REQUIREMENT: The whole listing that follows is to be restated word for word, images excluded.

DATA PROVIDED:
_ _ _ _ _
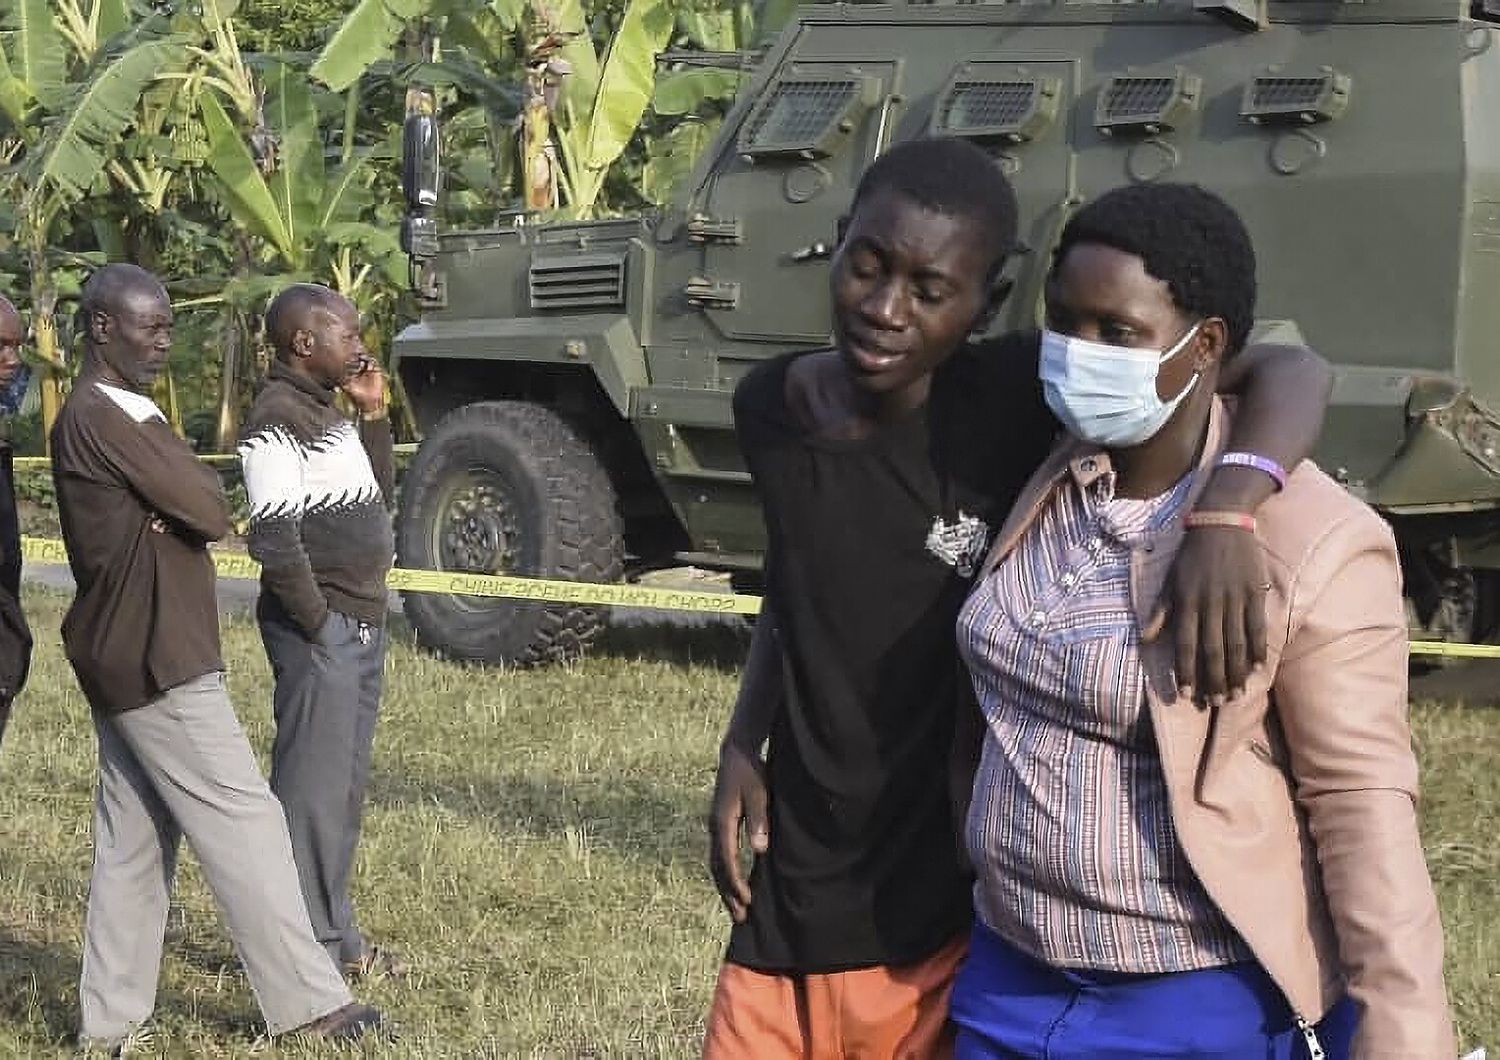 Il dolore dei parenti delle vittime dell'attentato alla scuola in Uganda
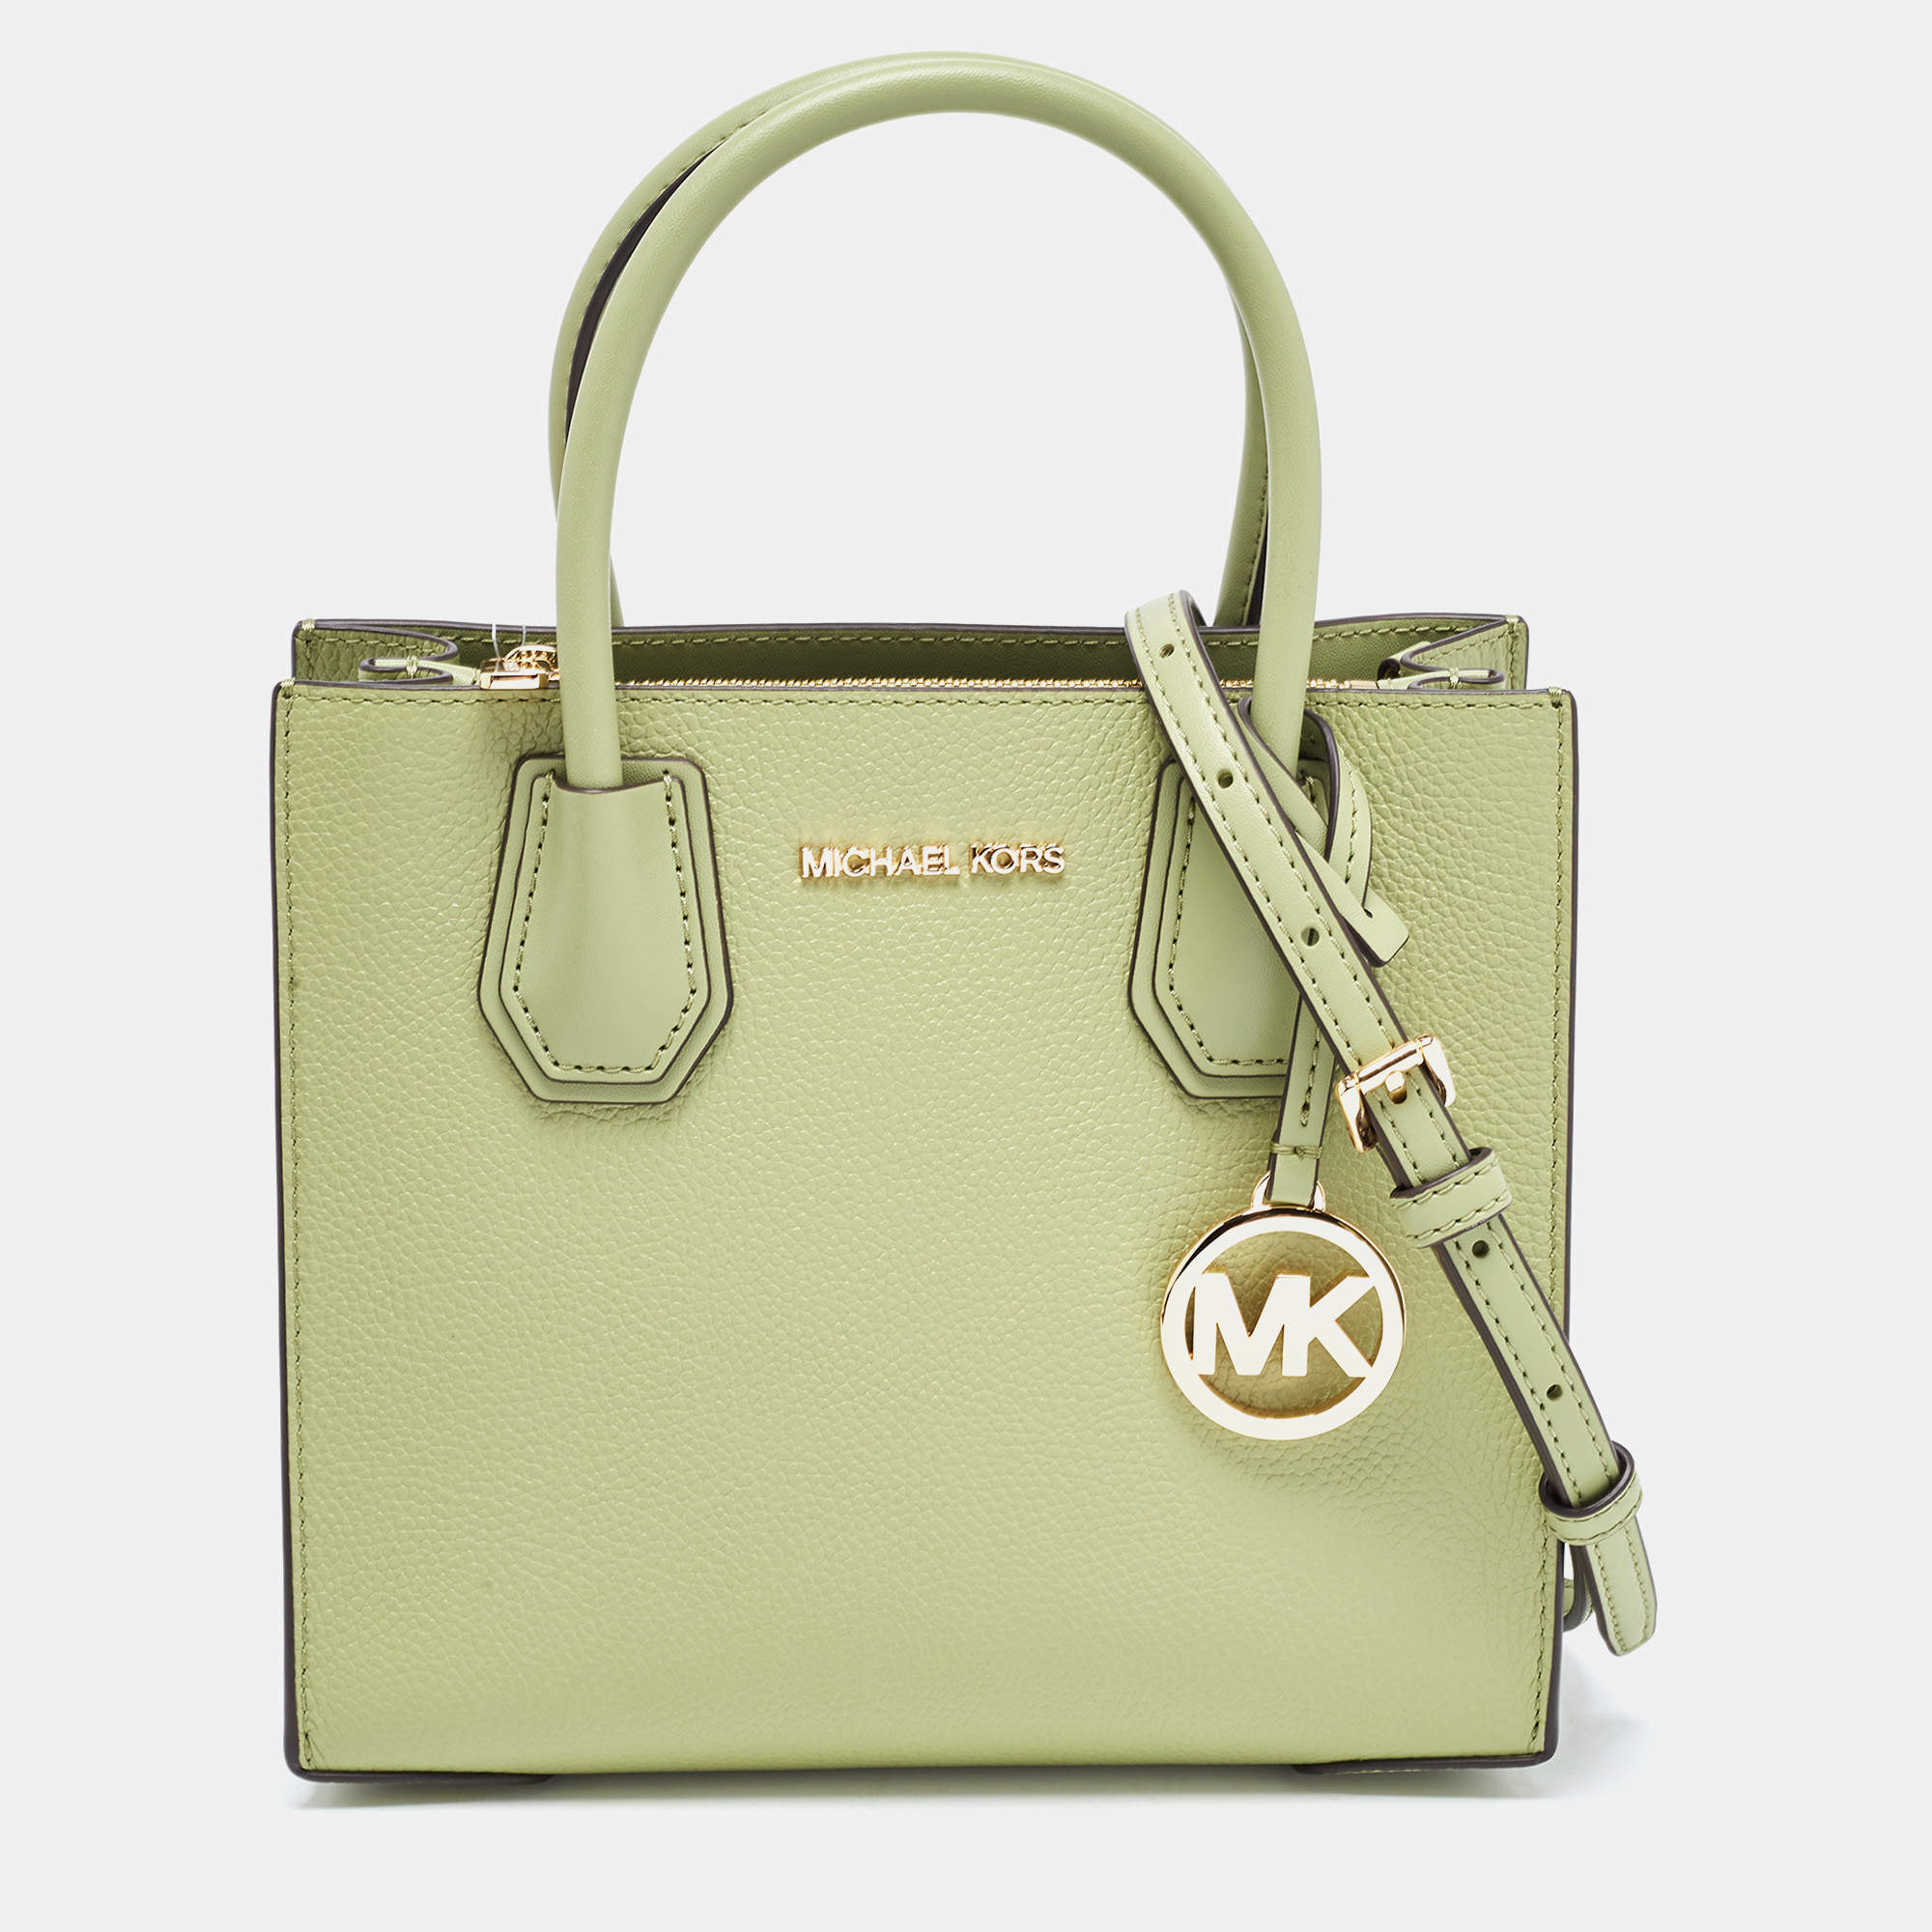 Michael Kors Bags | Michael Kors Large Double Zip Wallet Wristlet | Color: Brown/Pink | Size: Os | Designpalace's Closet
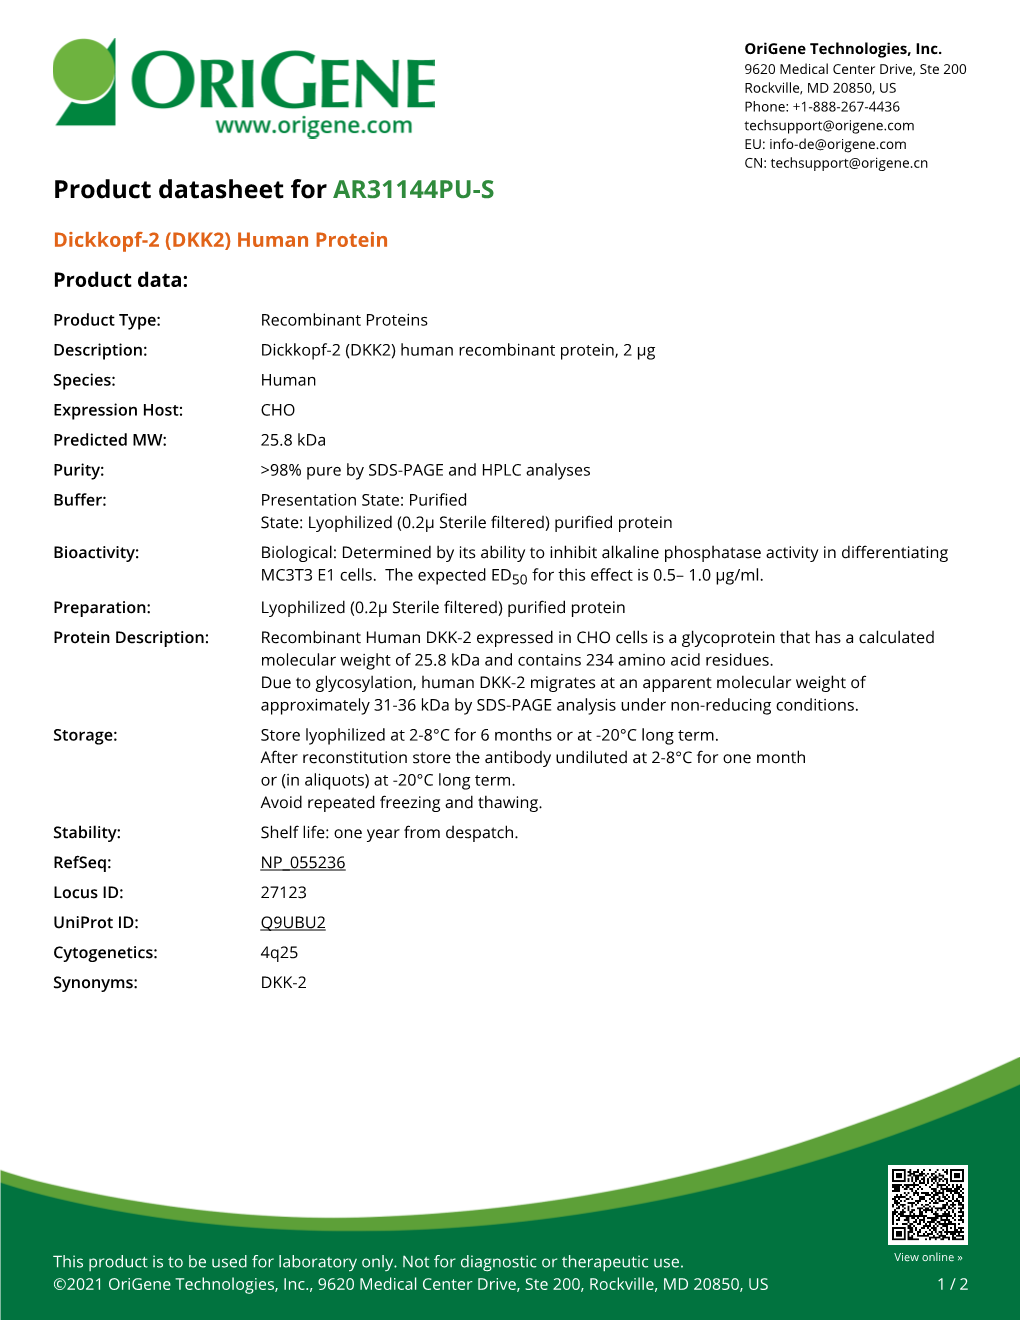 Dickkopf-2 (DKK2) Human Protein – AR31144PU-S | Origene
_ _ _ _ _
RESULT OF THE TASK:
 Il dolore dei parenti delle vittime dell'attentato alla scuola in Uganda
 Michael Kors Bags | Michael Kors Large Double Zip Wallet Wristlet | Color: Brown/Pink | Size: Os | Designpalace's Closet
 Dickkopf-2 (DKK2) Human Protein – AR31144PU-S | Origene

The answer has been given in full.